In summary, then, A Good Man Goes to War is uncompromisingly enjoyable, edge of the seat television. Matt Smith is mercurial, Alex Kingston alight, and together Karen Gillan and Arthur Darvill set new standards for intra-TARDIS soap opera. Steven Moffat’s script does what it promised to do and far more besides, offering us fleeting glimpses into the Doctor’s inviolate past and overcast future, whilst never taking its eye off the drama of the moment. This episode showcases the very best of Doctor Who the show; Doctor Who the headline; even “Doctor Who” the man, and if the series can continue to mould itself to the times, yet remain indelibly Who, then the long history of the Doctor is soon going to become far too torturous for anyone to navigate, let alone chronicle.


Copyright © E.G. Wolverson 2011


E.G. Wolverson has asserted his right under the Copyright, Designs and Patents Act, 1988 to be identified as the author of this work.


The very fact that the Doctor once had a cot suggests that he was once small enough to fit in it.
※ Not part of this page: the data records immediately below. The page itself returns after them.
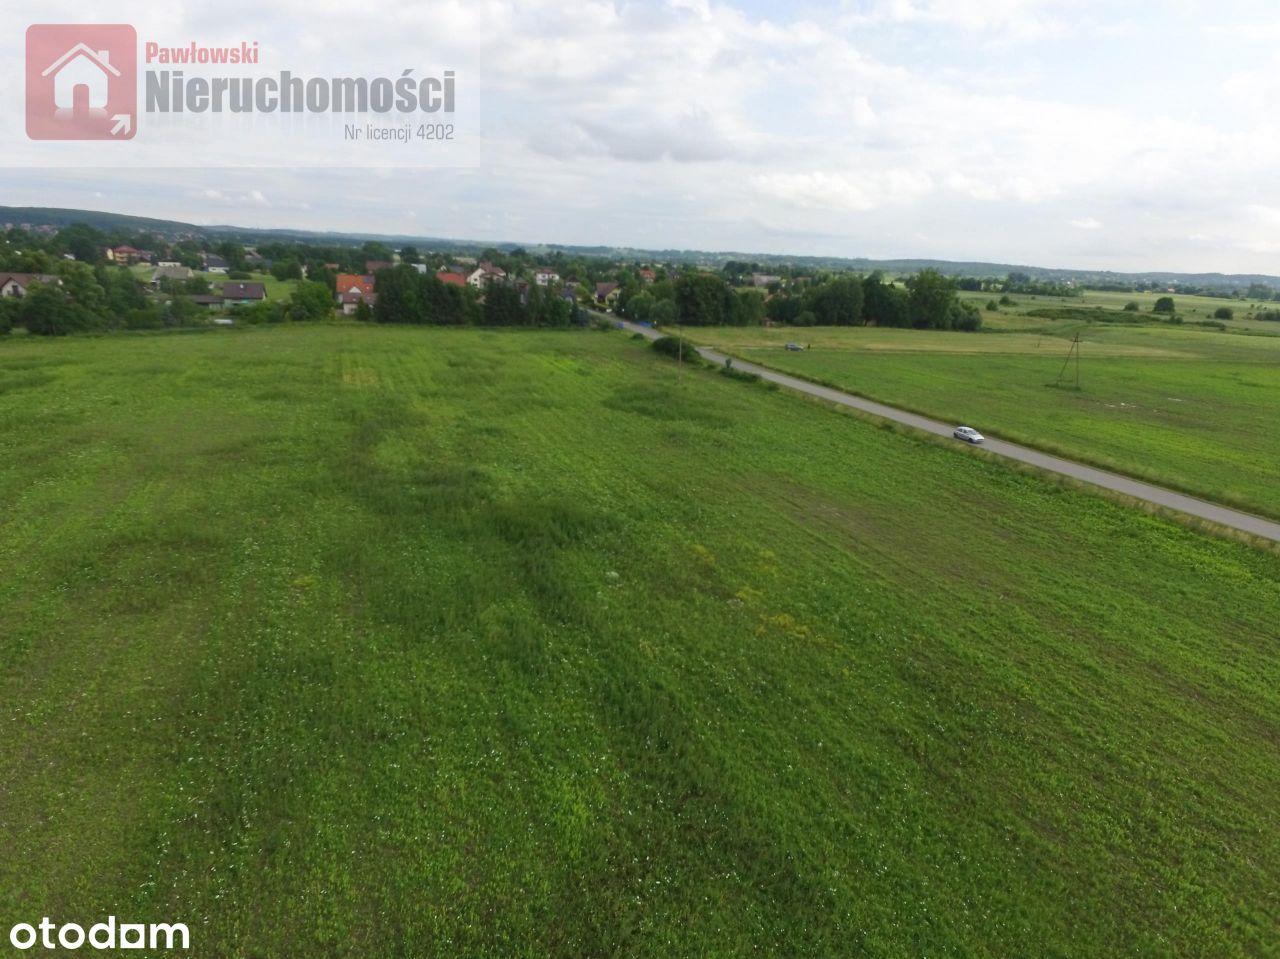 Działki budowlane 10 km od Skawiny- różne powierzc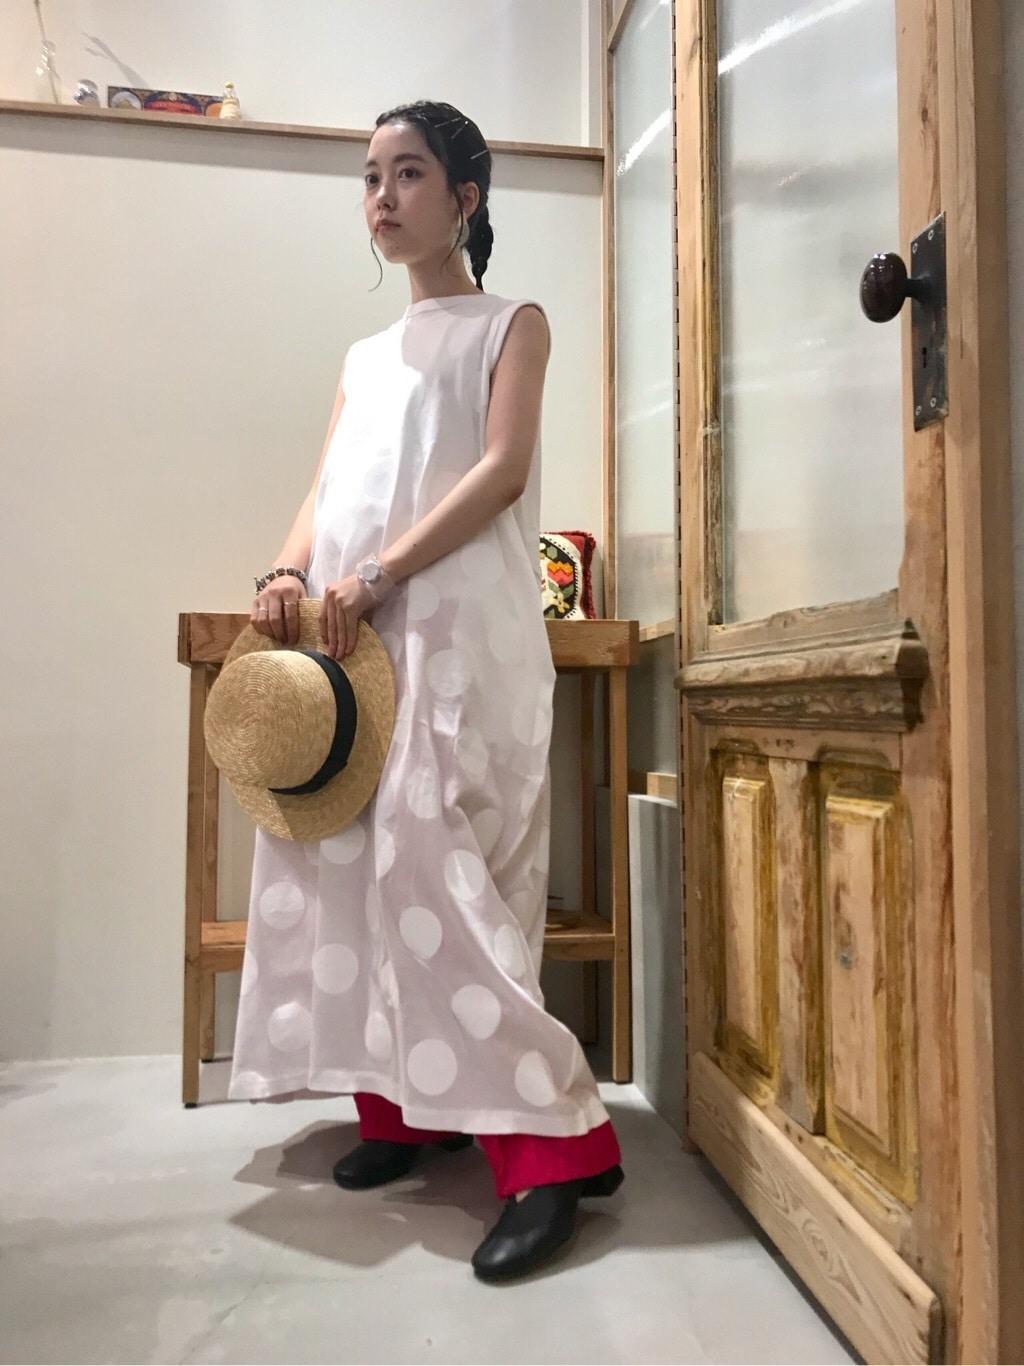 渋谷スクランブルスクエア 2020.07.09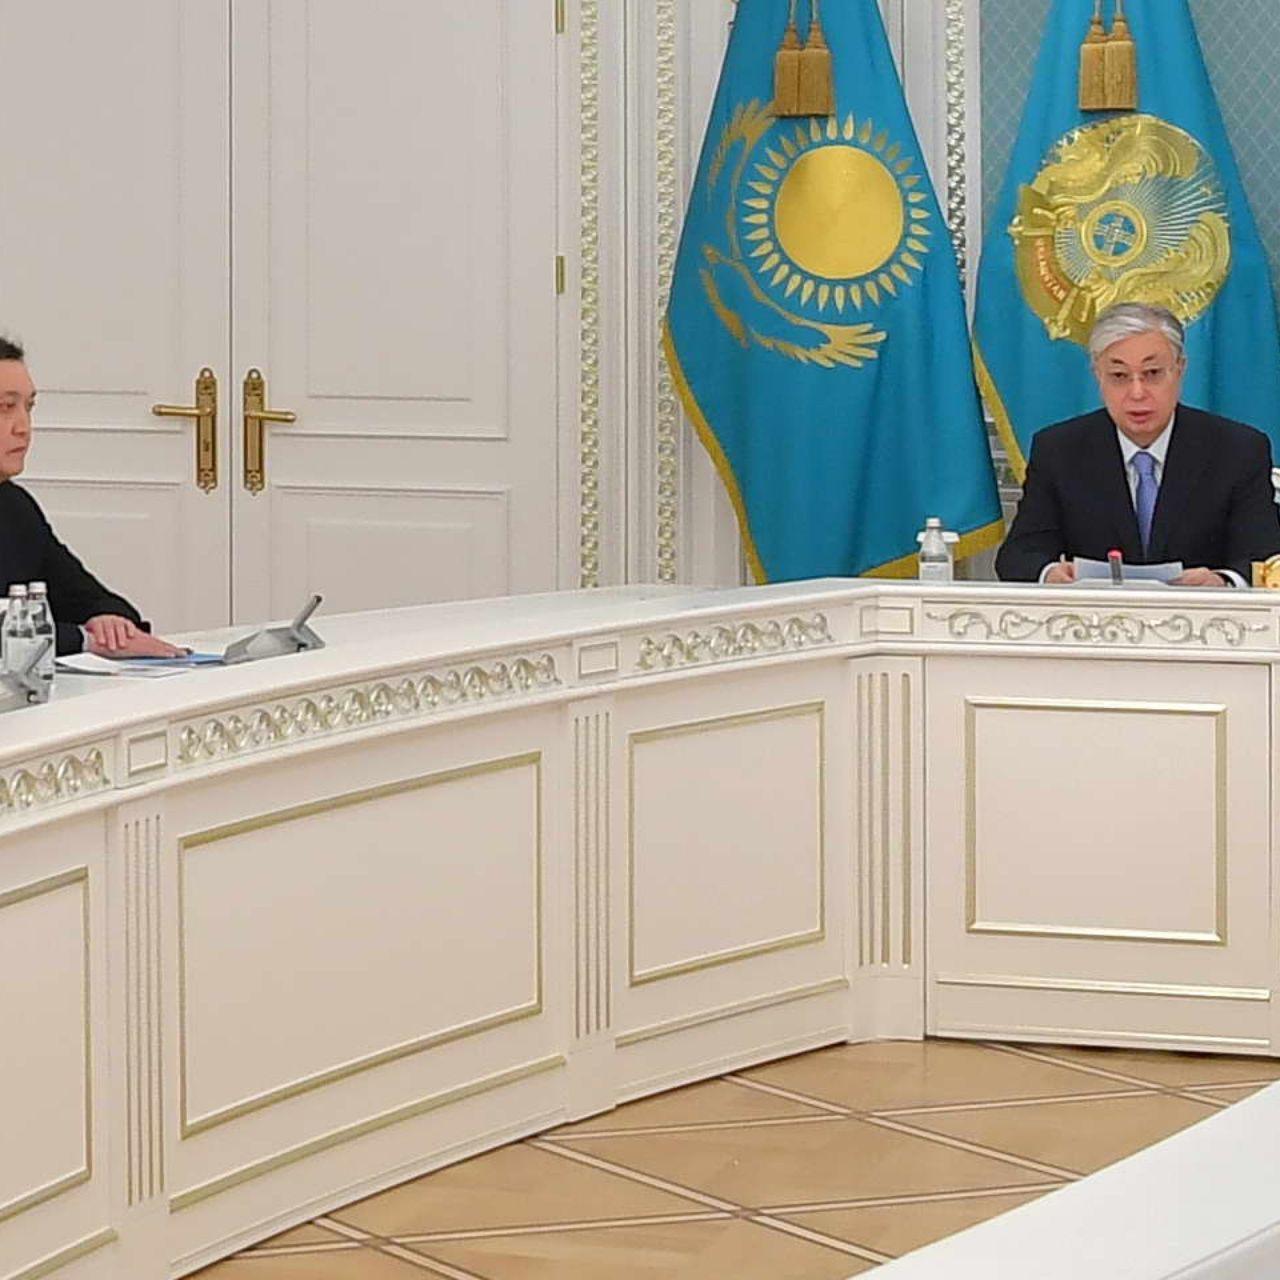 Қасым-Жомарт Тоқаев еліміздегі экономикалық ахуал жөнінде кеңес өткізді

This does not sit well with the notion that he was “loomed” fully grown (or thereabouts), as posited by Marc Platt in his notorious novel Lungbarrow – at least, not on the face it. It is important to remember that Lungbarrow was predicated on the suggestion that the Doctor’s existence somehow stretched back to before his looming; to a time when he may have lived as ‘the Other’ member of ancient Gallifrey’s ruling triumvirate – a person who it is rumoured had at least partial human lineage. It might also be the case that the cot is bigger on the inside, of course. That, or the Doctor lied about it being his.


For River Song, this story takes place long after Let’s Kill Hitler and prior to The Impossible Astronaut.